If one of the five letters cannot be located in an image, nothing is selected, and ‘enter’ or ‘space’ is pressed on the keyboard to advance selectROIs to the next selection. If all five letters cannot be located in an image, nothing is selected, and ‘ESC’ is pressed on the keyboard to end the selectROIs function and advance to the matchTemplates function.

2) Template Matching

If the image template array created with selectROIs is not empty, each letter template is processed individually. First, if no template exists for a given letter, the letter is skipped, and the template of the next letter is evaluated. When a template exists for a letter, the program locates the letter’s folder in the project’s root directory and stores the folder path as a variable. If a folder for that letter does not yet exist, the program creates a new folder with that letter’s label and stores the folder path as a variable.

After the saved destination folder path is stored, the original grayscale Manchu-script image and grayscale letter templates are passed to OpenCV’s matchTemplates function. The TM_SQDIFF_NORMED method is used for template matching, which returns an output array of the comparison results.

The matchTemplates function is often used with OpenCV’s minMaxLoc function to determine the best match for the template in the output array. For TM_SQDIFF and TM_SQDIFF_NORMED, the best matches are obtained using the minimum value of the minMaxLoc function. Because we need to determine all the best matches for a given template in the source image, we use the ‘np.where’ function to find all x- and y-coordinates where the normalized correlation coefficient is below a given threshold. In this study, the threshold was set to 0.05.

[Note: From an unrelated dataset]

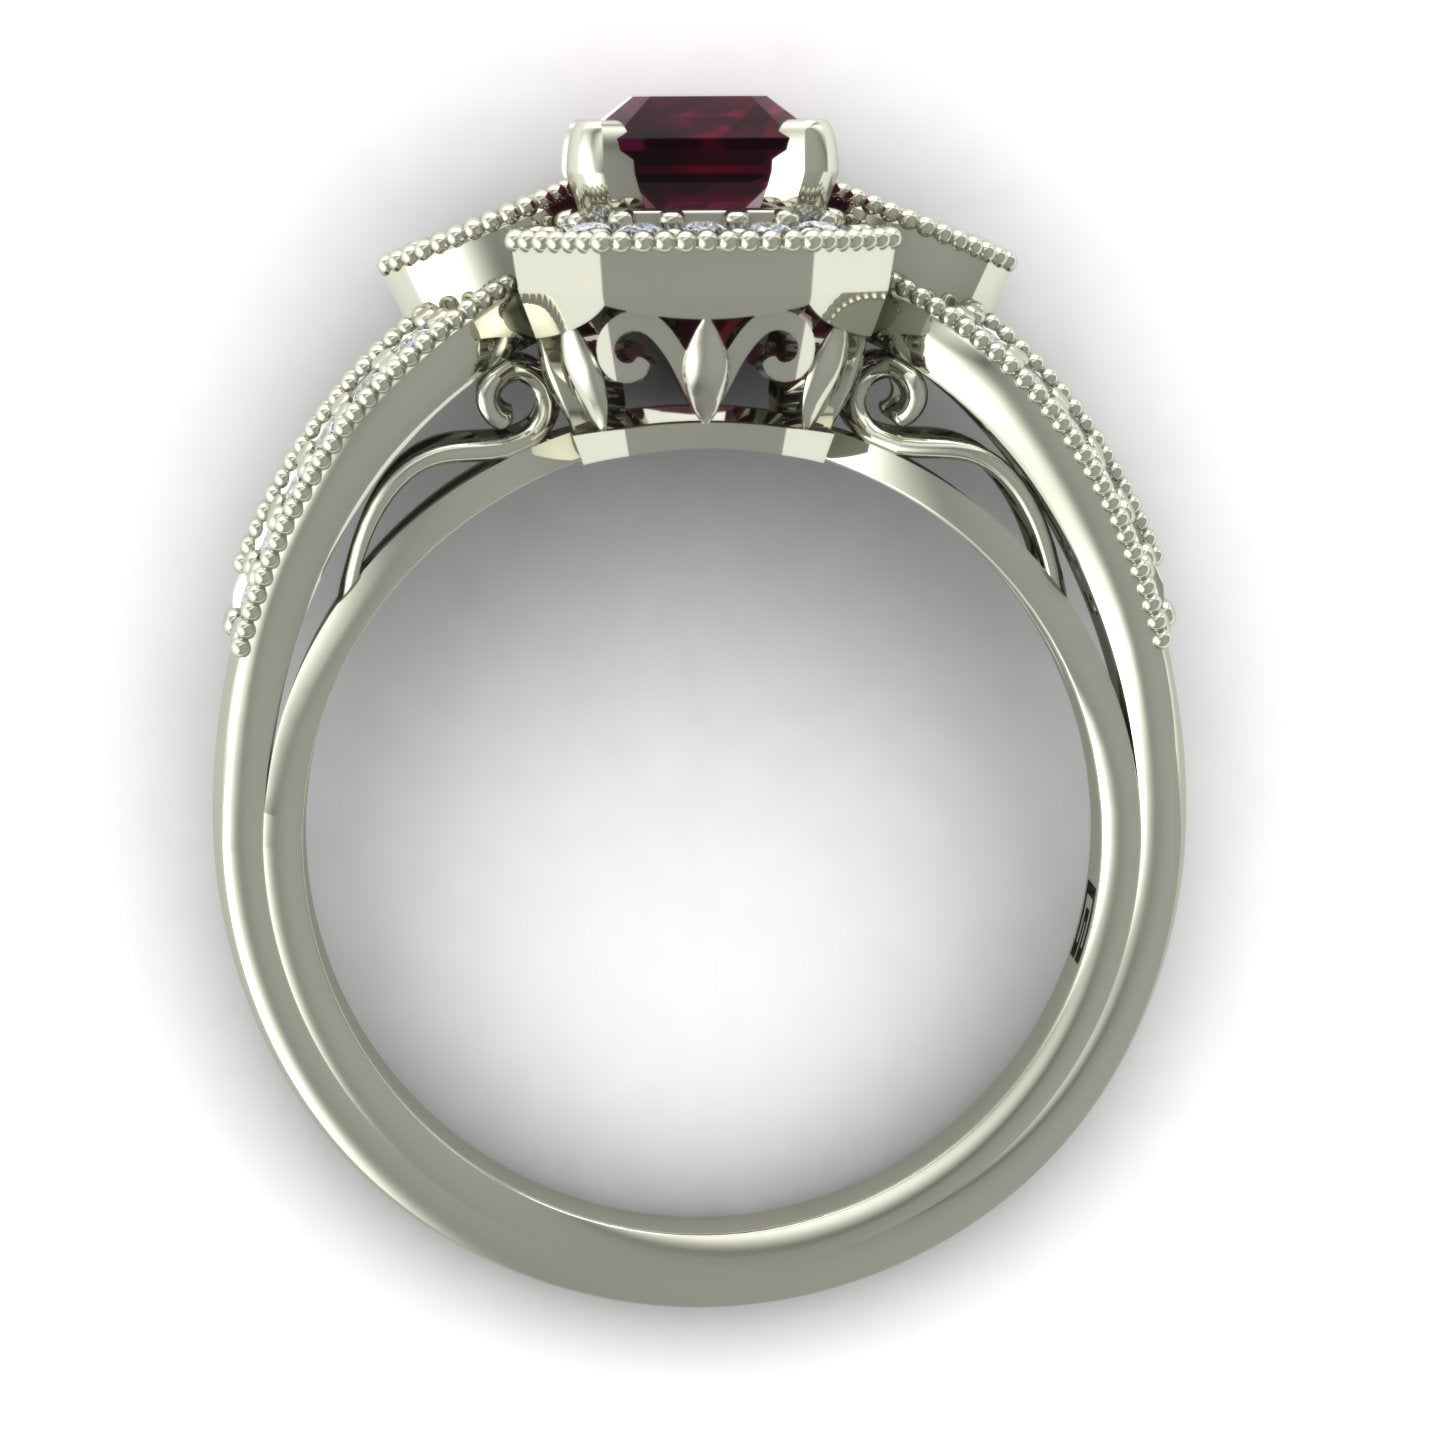 emerald cut rhodolite garnet and diamond art deco inspired ring in 14k white gold - Charles Babb Designs - through finger view

However, using ‘np.where’ results in multiple overlapping detections for each match. Therefore, we also used a non-maximum suppression function proposed by Malisiewicz et al. [21], which was ported to Python by Rosebrock [22], to filter the best matches from numerous overlapping detections.

3) Non-Maximum Suppression

The non-maximum suppression function computes the area of each matched template’s bounding boxes and sorts them using the bottom-right y-coordinates. It then loops through all matches and calculates the maximum x- and y-coordinates for the start of each bounding box and the minimum x- and y-coordinates for the end of each bounding box. Subsequently, the width and height of each bounding box are computed. It then computes the overlap ratio of the bounding boxes. Finally, it deletes matching bounding boxes from the array that exceed the overlap threshold. This should result in only one (or extremely few) overlapping bounding boxes. In this study, the overlap threshold is set to 0.95. An example of the number of detected bounding boxes before and after non-maximum suppression is shown in Fig. 6.

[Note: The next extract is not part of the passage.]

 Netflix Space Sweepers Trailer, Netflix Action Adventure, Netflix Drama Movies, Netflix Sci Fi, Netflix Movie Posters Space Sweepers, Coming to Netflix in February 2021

Fig. 6. Example of performing non-maximum suppression on detected bounding boxes with an overlap threshold of 0.95.

4) Cropping and Saving Matches

The remaining array of matched bounding boxes is returned to the Python program. The program then crops and saves each match from the original image to its letter folder using the stored folder path variable. Each cropped and saved image filename includes the letter name, followed by an underscore, and a timestamp when the image was cropped and saved. Appending a timestamp to each image’s filename was more effective than appending sequential numbers because of the possibility of overwriting previously saved files. Fig. 7 shows a selection of twelve cropped ‘j’ templates.

Fig. 7. Sample of matched and cropped images for the Manchu letter ‘j.’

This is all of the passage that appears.